Monday, January 21, 2008

Wired Weekend

by Allyeska on flickr
Due to my need to spend a lot of time on public transport over the weekend to see my friends across this lovely city I got enough time to read the key articles in the latest Wired. Awesome as usual but there were a couple that really stood out.

I brought this up with my colleagues a few months back for a pitch. I heard or read it some where and thought how great it would be to use for brands. I highlighted how brands could do deals with the top publishers like MSN, Facebook, Flickr etc whereby users could sign in and OK their images to be utilised. It was to address an emotion for a brand, so it was about making a brand website aggregate all these happy memories. It avoids the problem of privacy laws which the article brings up a lot. Could be an interesting way to gain UGC content quickly and for something specific through quite simple data software.

I have been in love with this one for a while. Art of the Heist is just pure genius if you ask me. Also I didnt know the amount that was actually include in the Nine Inch Nails launch. It had so many elements that keep people interested and involved. It is also apart of the first to know objective I keep banging on about

Music Industry
But my favorite article cleared up my understanding and interest in the music industry. David Byrne discusses the different models of the music industry and the increase in technology and the lowering of costs of production has just not been picked up by the major labels. I dont think its that bad. I could almost compare it to the advertising industry.
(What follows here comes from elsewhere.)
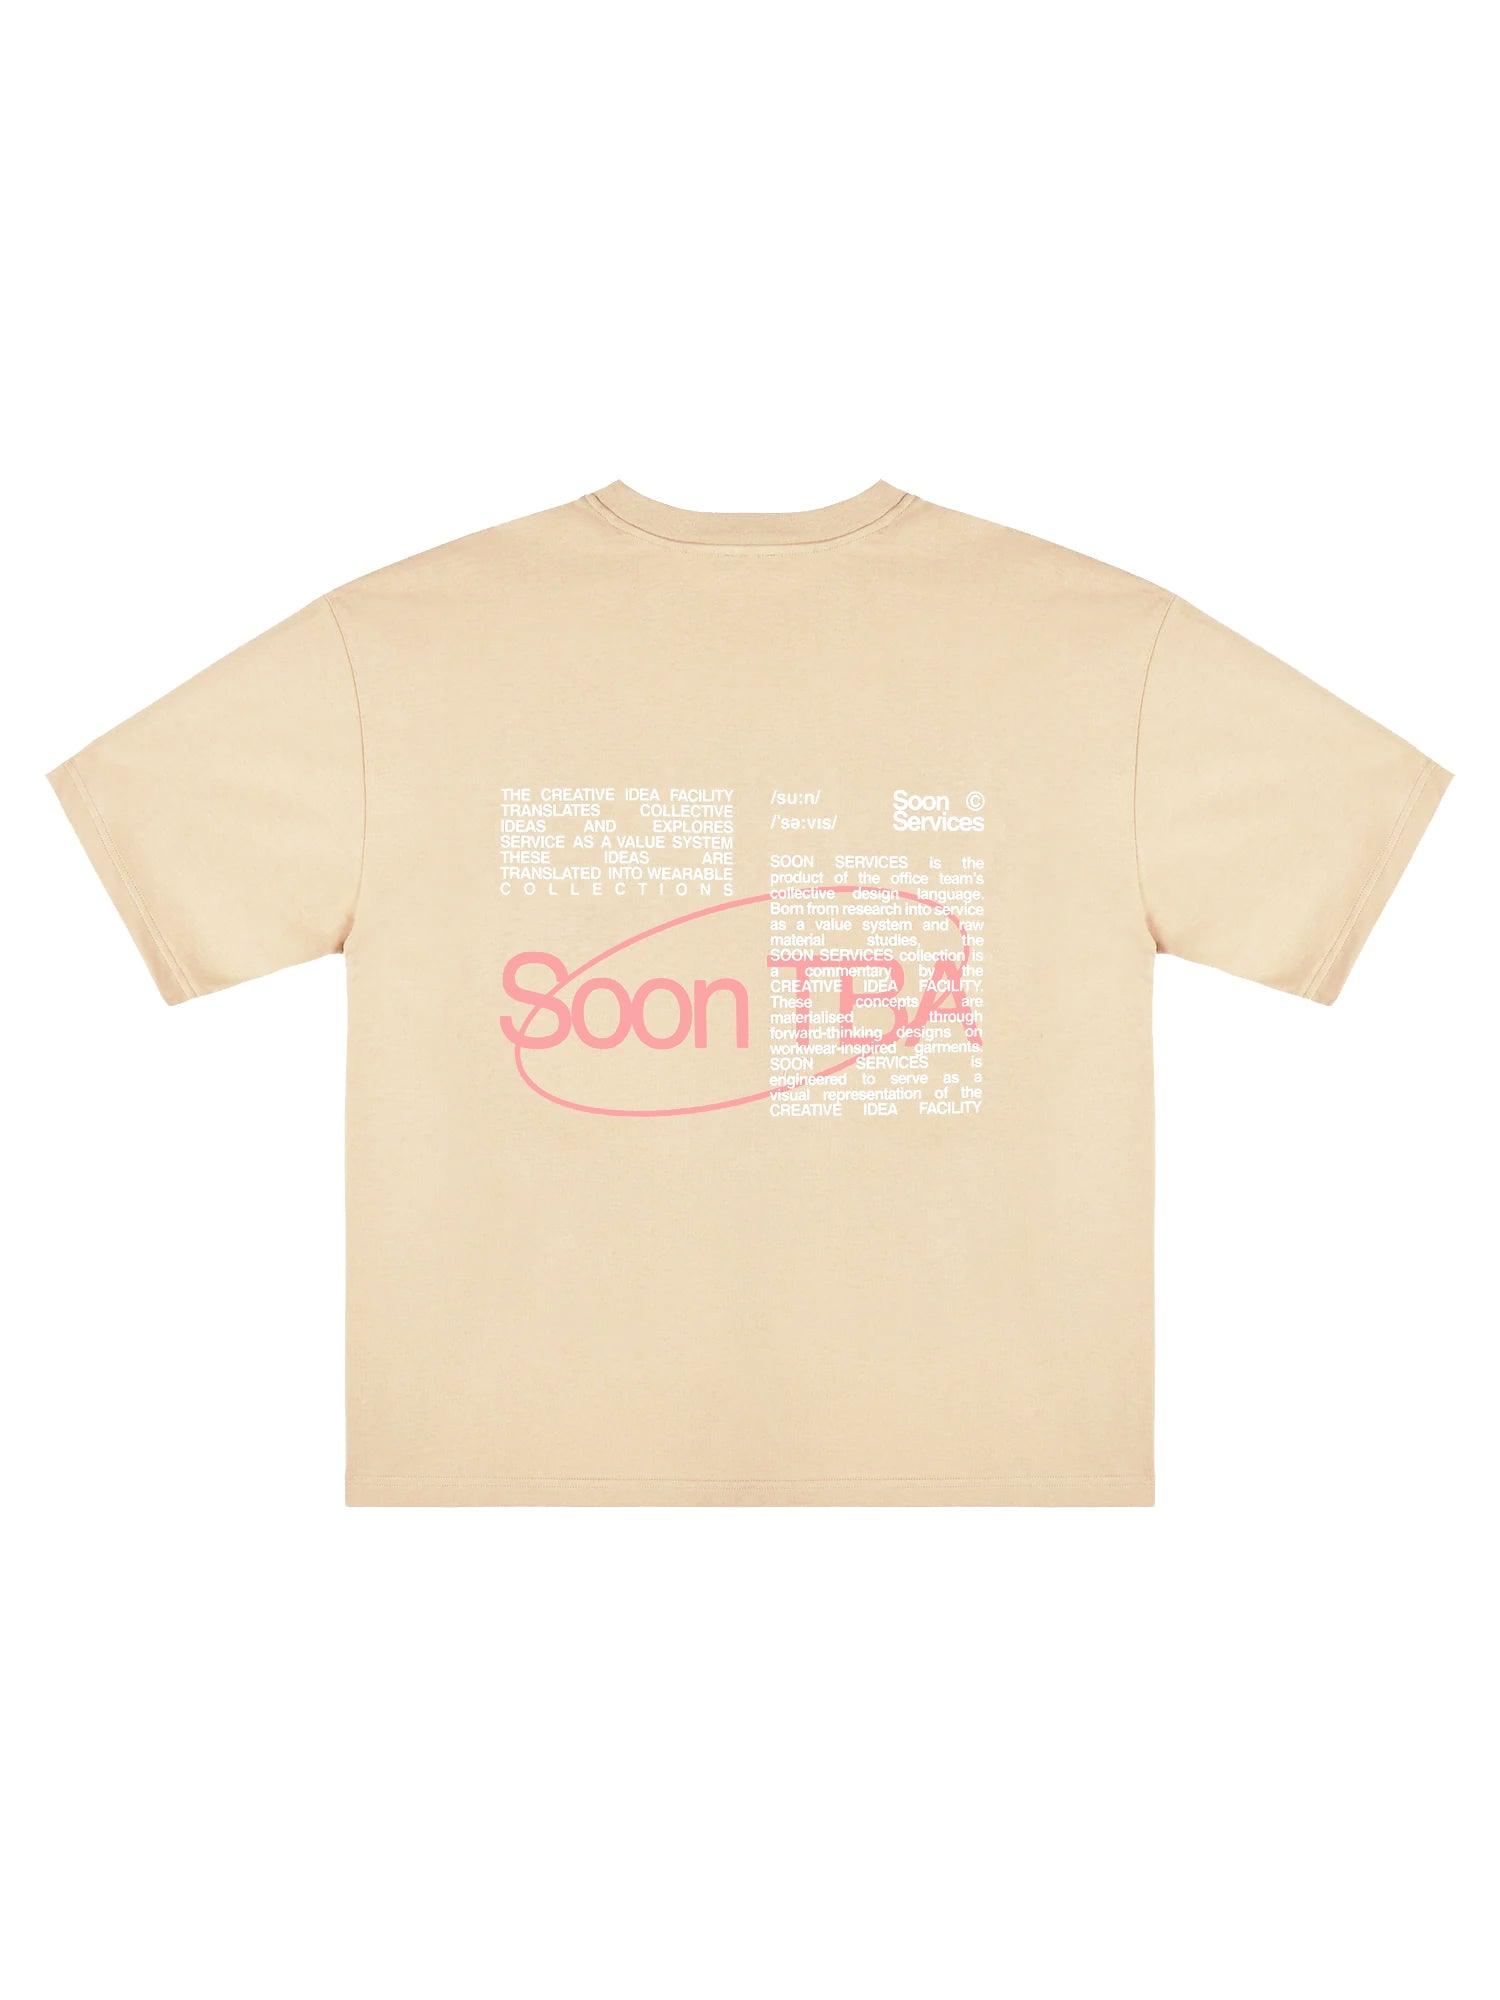 Soon TBA T-Shirt - SOON TO BE ANNOUNCED

Production is cheaper but as an industry we have to move to charging clients for our intellectual property not what we produce. If the music industry take their IP in marketing (which isnt that great) , distribution and more into how to build a brand and future for their artists maybe they might do alright. They will have to get some real expertise in digital... not just from a marketing perspective but also as a distribution model and revenue generator. Surely it is better.... less costs and more revenue if its modeled properly
Im still getting over hearing how EMI paid their scouts for finding talent.... not how much the talent make.... and I will never get over the huge amounts they upfront artists before they make any music. The whole business model is just wrong.